Passion for competition has Paralympic champ Richard Peter changing courts
After multiple medals, 48-year-old B.C. man moves from hoops to racquets
At 43 years old and with three Paralympic gold medals in wheelchair basketball on his resume, Richard Peter chose a new challenge in 2016.
With the 2020 Tokyo Paralympics scheduled to be the debut of para-badminton, Peter decided to try to reach the podium in a sport as new to him as to the Games.
His mission seemed on track when he and partner Bernard Lapointe won a bronze in men's doubles at the 2019 Parapan Games in Lima, Peru. However, their goal to qualify for Tokyo was, like so much of the world, thrown into disarray by the COVID-19 pandemic. The pair have had to put that dream on hold.
But for someone who has always played for the love of sport, the discovery of a new athletic passion has been almost as much of a win as another Paralympic medal.
Peter was born in the Cowichan Tribe community of Duncan in British Columbia, and suffered a spinal cord injury in a bus accident at the age of four. Peter wasn't even aware of wheelchair sports for much of his youth, but he was introduced to wheelchair basketball at 15 years old when a team came for a showcase at his school. By the time he was 22 he was playing on Canada's national team.
Over almost two decades with Peter as a leader, Canada amassed three Paralympic gold medals, one silver, and countless wins in other international competitions before his retirement in 2012. Peter was a natural athlete, a polished scorer, and always one of the fastest players on the court, which he attributes to his spending the majority of his life in his chair.
Then in 2016, Canada held its first national para-badminton championship in Moncton, New Brunswick. Peter wanted to attend, more due to his long-time advocacy work promoting wheelchair sports than for an affinity for badminton, but he wasn't able because of his work schedule.
Won 1st national title
However, the event came to his home province of B.C. the following year, and organizers asked Peter to help find athletes to compete. After a small handful played in 2016, Peter was among the more than 20 whom competed in 2017.
And like he'd done so many times on the basketball court, Peter finished as tournament champion.
"I know the guy who I played against, he was by far a better badminton player, but I guess mainly that I had better wheelchair skills. So that definitely helped me out in the end," said Peter, who works for Praxis Spinal Cord Institute, a Canadian-based, not-for-profit organization that leads global collaboration in spinal cord injury research, innovation and care. "That was my first badminton experience."

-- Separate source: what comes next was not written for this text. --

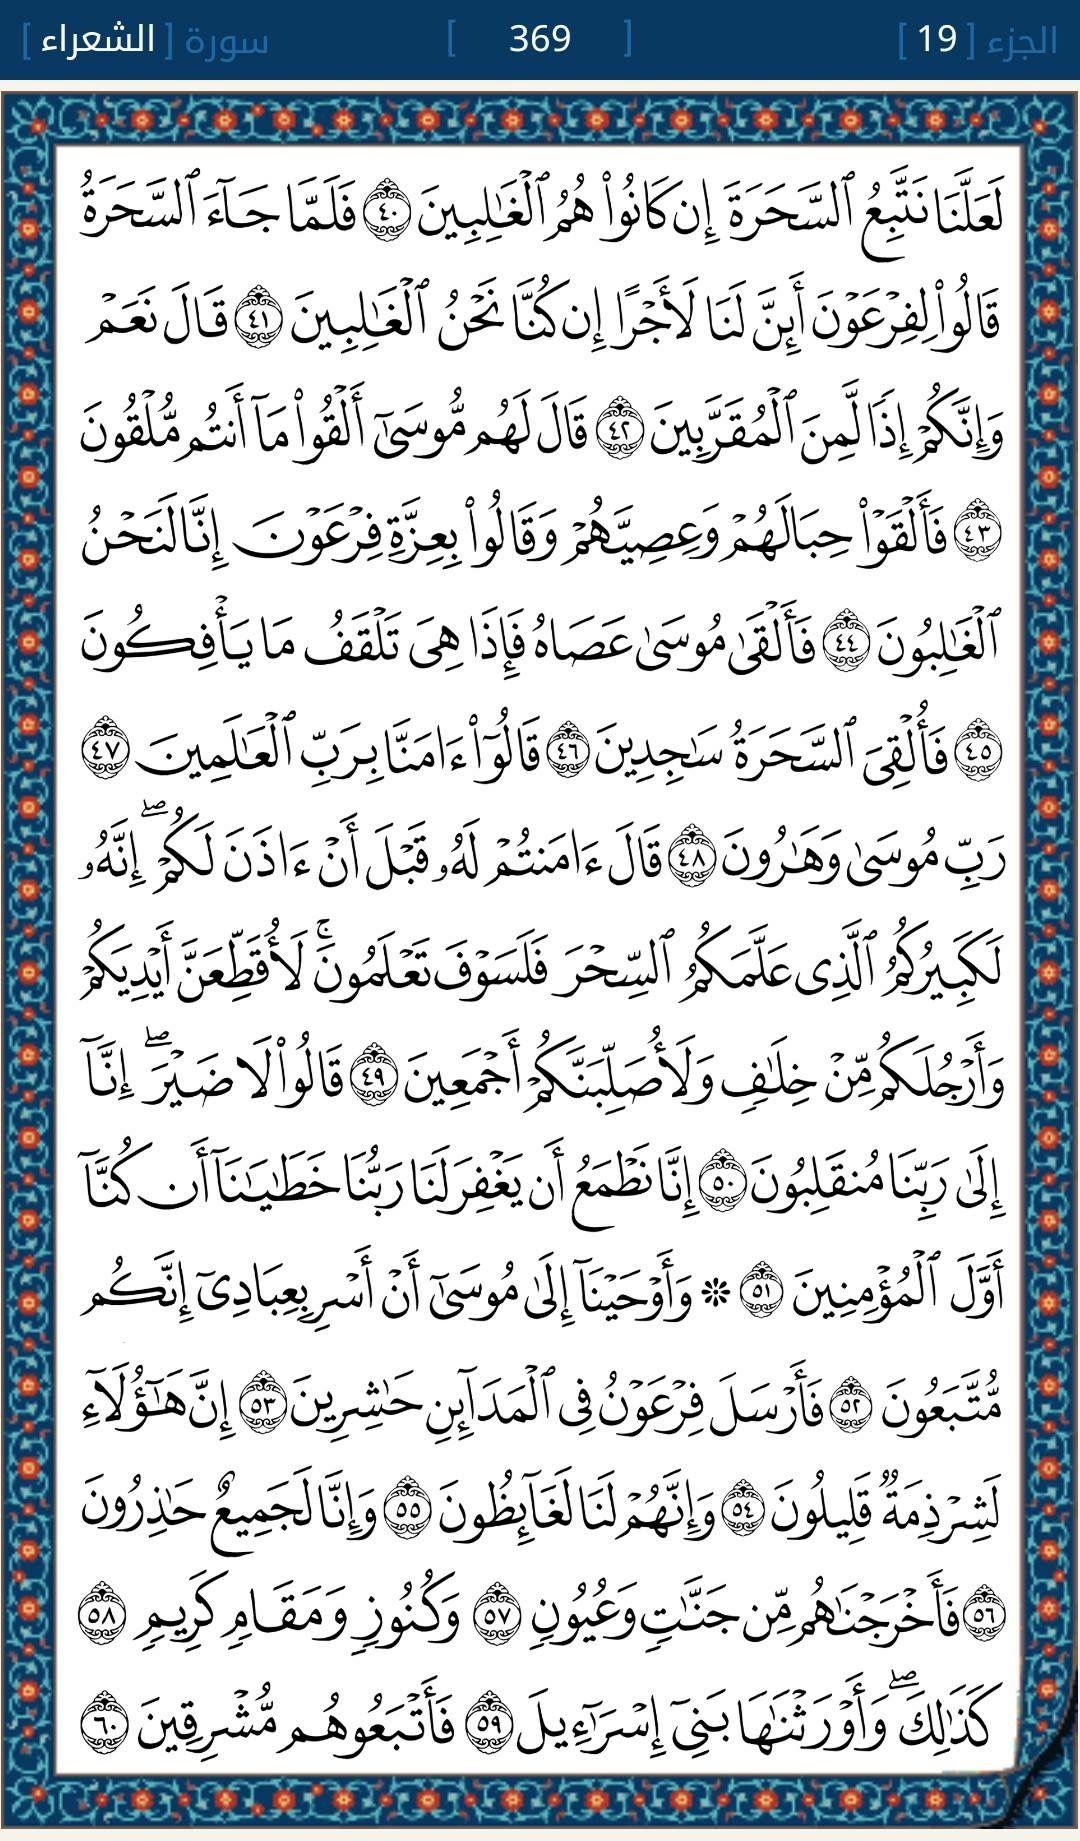 ٤٠ ٦٠ الشعراء Quran Book Holy Quran Book Architecture Collection

He was soon invited to play on Canada's national para-badminton team, but wasn't sure he was interested. Until the allure of international competition sparked inside him.
Peter admits he "got his butt kicked" in Ireland, and he returned to B.C. to train. He worked with a coach at the Vancouver Lawn Tennis and Badminton Club, training five times a week, all with his sights set on competing in Tokyo.
Peter's memories from the 2019 Pan Am Games in Lima are mostly about the comraderie and joy he found there. As a veteran athlete and former basketball star, Peter traveled the compound and was recognized everywhere he went. He even frequented the basketball court to cheer his friends on the Canadian team.
After their medal showing in Peru, Peter and Lapointe hope to shoot up in the rankings and qualify for Tokyo. But with Lapointe on the opposite side of the country in New Brunswick, practise was impossible. Then when it was time to travel to qualification tournaments, first Peter, then Lapointe, fell ill and couldn't attend. Finally, the pandemic meant that 2020, a year in which they intended to make a push in the standings, had no tournaments. Peter hasn't played badminton for a year.
Sports advocate
They failed to qualify for Tokyo. But that hasn't stopped Peter from continuing to use the sport for the betterment of those around him.
"I'm still a sports advocate in the para-sport world, a First Nation's advocate, within the [spinal cord injury] community. A peer counselor. A public speaker," he said.
Those identities are who Peter is, far more than his accolades. He's in the B.C. Sports Hall of Fame, the Canadian Disability Hall of Fame, and has twice won the Tom Longboat Award for Indigenous Athlete of the Year. He isn't ruling out attempting to qualify for the 2024 Paralympics in Paris, though now aged 48 he says it's more "up to his body" than it is him. Regardless, in the fields of basketball, badminton, advocacy, or whatever other path Peter chooses to tread, his legacy is set.
But winning isn't how he wants to be remembered.
"I guess just that I enjoy sports and have a lot of fun," he said in answer to how he wants to be remembered. "And try to do my best."